Я придумаю будущее. Любовь после любви

– Туристическая гостиница, что ты хочешь, – прокомментировал мой друг, – но мы же не развлекаться сюда приехали? Не развлекаться.

Его аппетиту можно было позавидовать! Я съел только несколько ложек каши, оставив Антохе разбираться с психическим состоянием колбасы. Ему она показалась очень даже веселой, и он, довольный, съел обе порции.

Тем не менее, завтрак есть завтрак. После него я обрел твердую уверенность найти в Питере хоть какую-то информацию о своей исчезнувшей любимой. Хотелось опять погрузиться в себя, погоревать, что совсем недавно мы были вместе, но я решил действовать.

– Если Маша умерла здесь, значит, она должна была быть временно зарегистрирована. Давай начнем с ЗАГСов или с адресного бюро на Литейном, – предложил я. – Антон, попроси барышню с ресепшн, которая так мило тебе улыбалась, пусть найдет нам такси с адекватным водителем. Мы его наймем на весь день. Или на два. У них тут все должно быть налажено. Только предупреди, что экскурсия нам не нужна.

– Не язви, сам знаю, – доедая мои бутерброды, ответил Антон, набирая по внутреннему телефону цифру 0.


– Меня зовут Андрей, – пожимая нам руки, представился водитель довольно приличного автомобиля, хотя и старой модели. Это была Ауди 100, ярко-красного цвета – сигара, селедка или, как там ее еще называют?

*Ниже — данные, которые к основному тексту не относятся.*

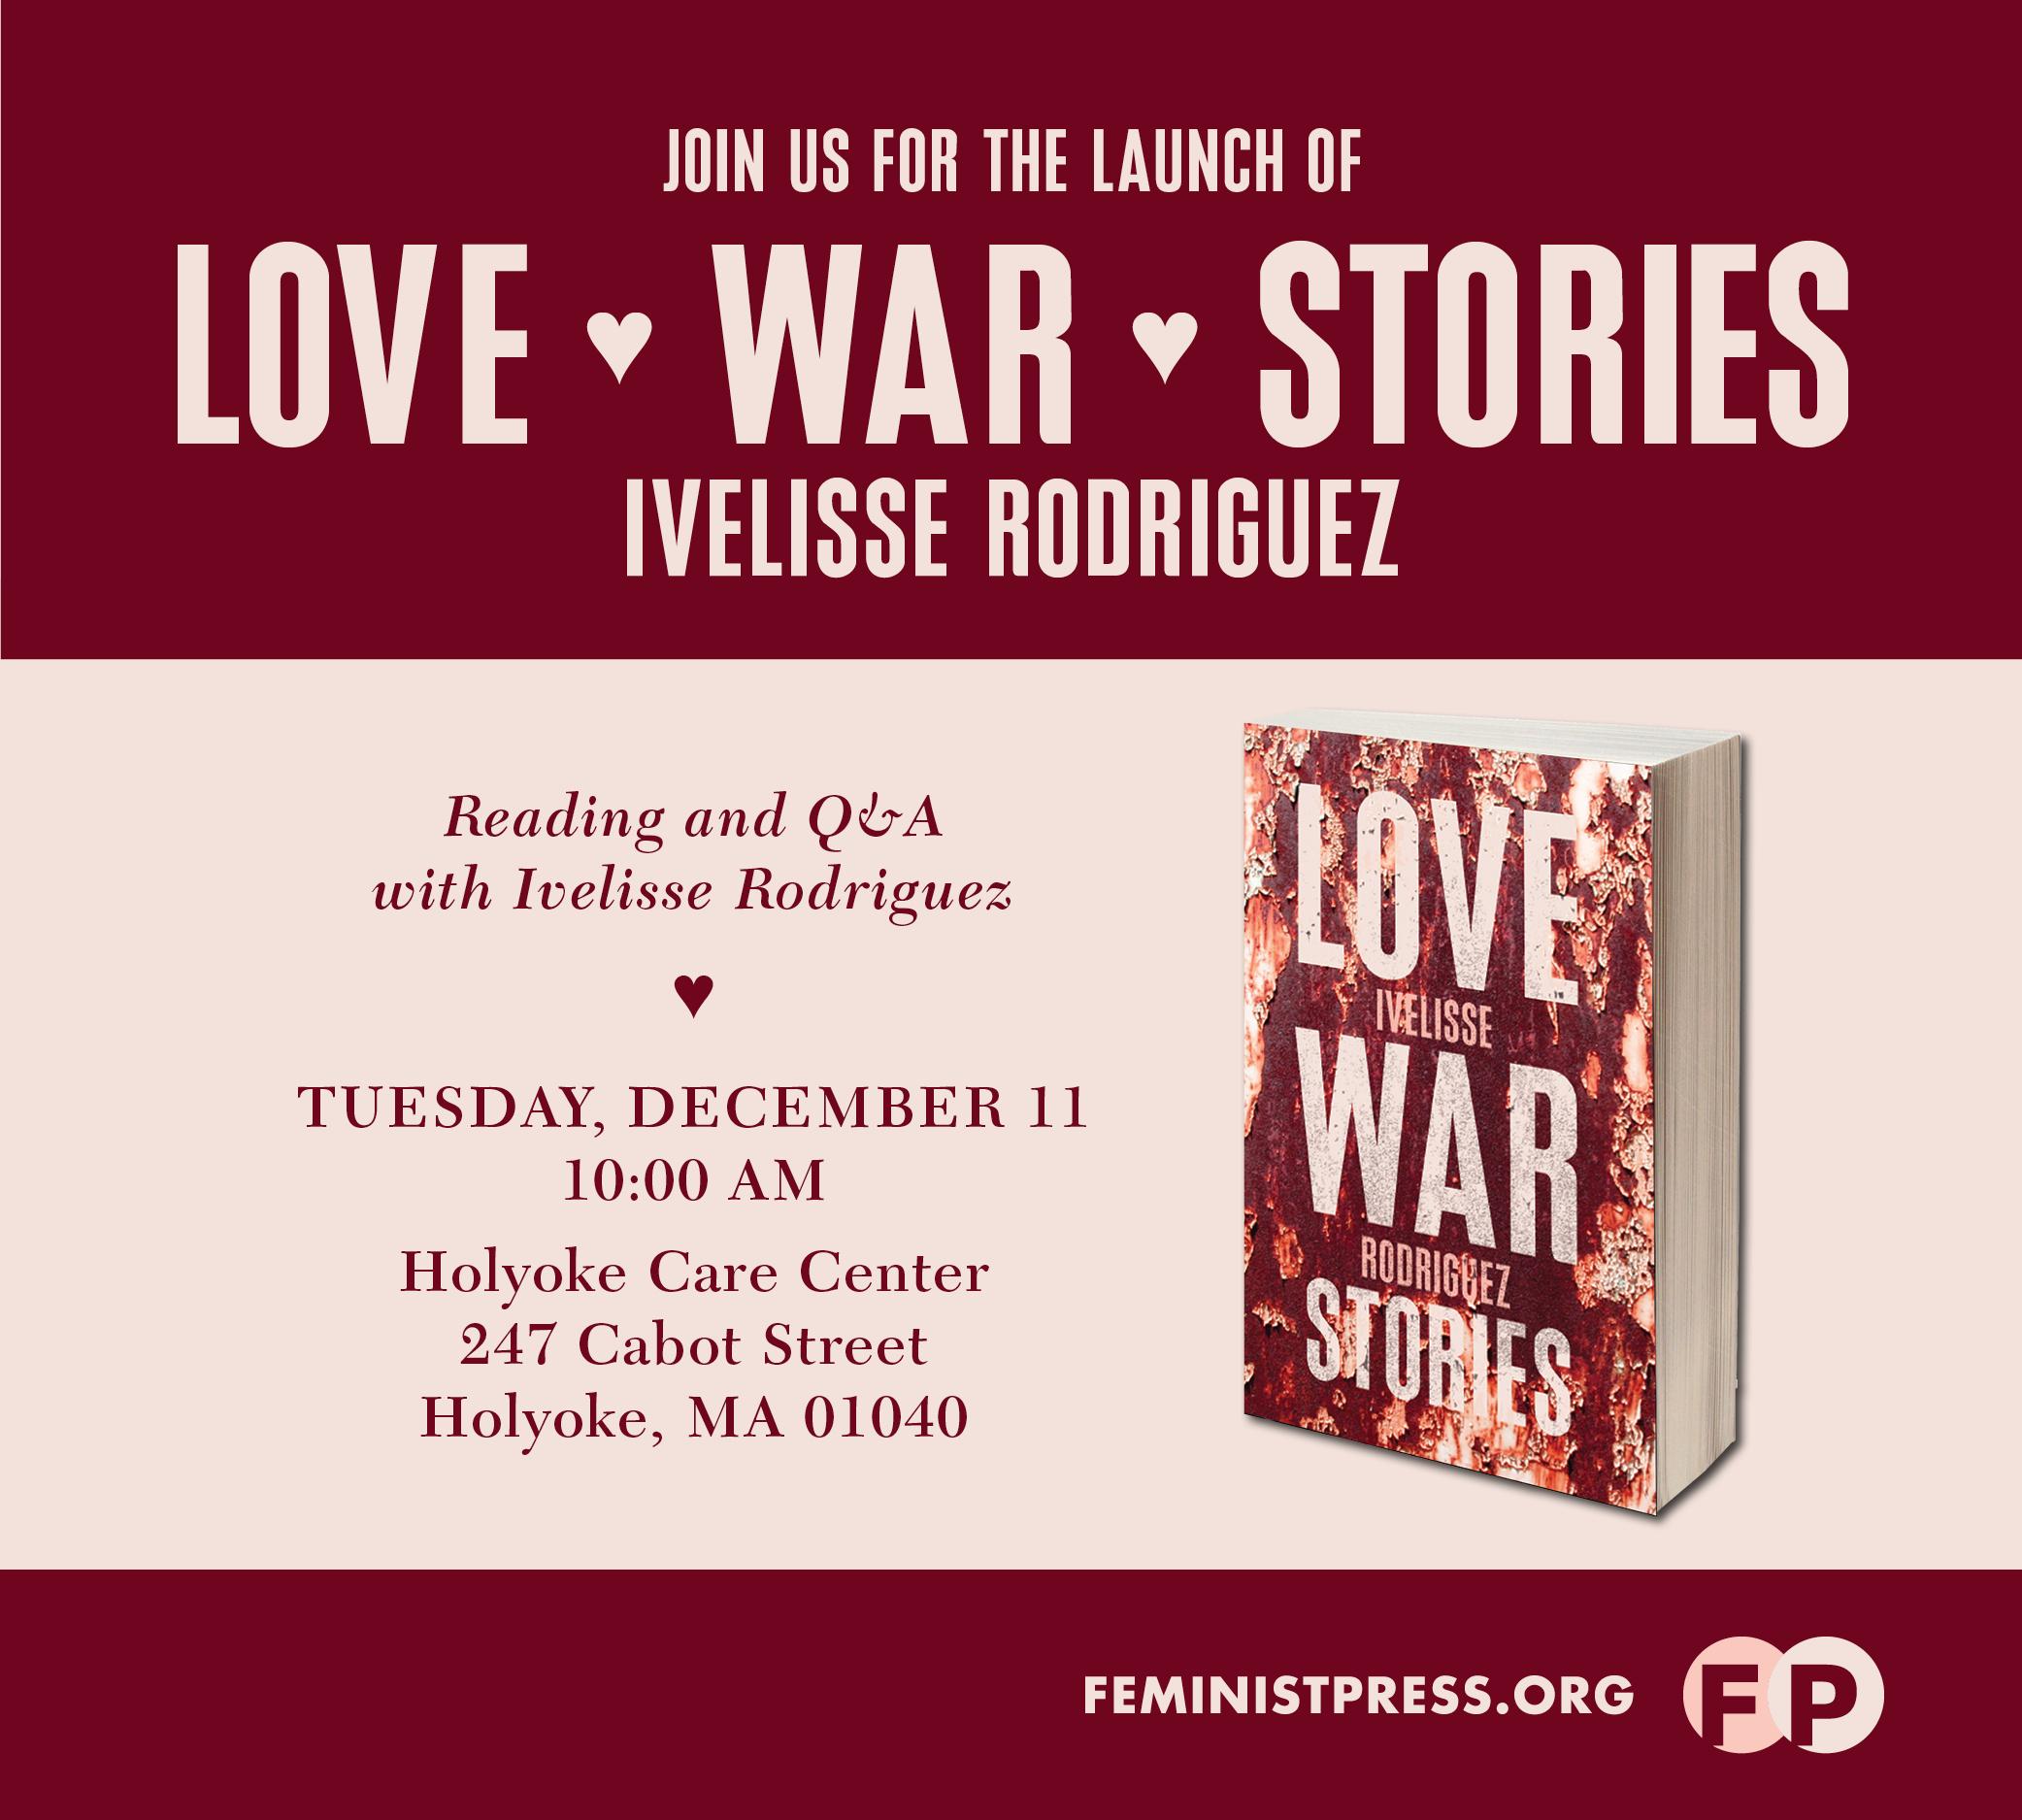 LOVE_WAR_STORIES_Event_eblast_Holyoke.jpg

Глаза водителя поблескивали от удачного заказа, и он, видимо, уже подсчитывал, каким наваром обернется наша поездка лично для него. Я привык пользоваться услугами только государственных таксопарков, и с частниками практически никогда не связывался. Это, конечно, не значит, что там только хорошо проверенные специалисты, но все же, хочется верить, что существует хоть какой-то отбор кадров при найме на работу и, главное, предрейсовый осмотр вместе с автомобилем.

Я без лишних выяснений уселся на заднее сидение – сработала недавняя привычка, с тех пор, как стал коммерческим директором. Мой друг сел рядом с водителем и назвал первый адрес: Литейный проспект, дом шесть.

Пока мы ехали, они успели обсудить все последние новости, начиная с конца две тысячи третьего года по апрель две тысячи четвертого: от нового губернатора Валентины Матвиенко и ареста Ходорковского до выборов Саакашвили и второго срока Путина. Не остались без внимания футбол, охота и женщины. Разговор про теннис Андрей не поддержал, а Антон, обернувшись на меня, не настаивал.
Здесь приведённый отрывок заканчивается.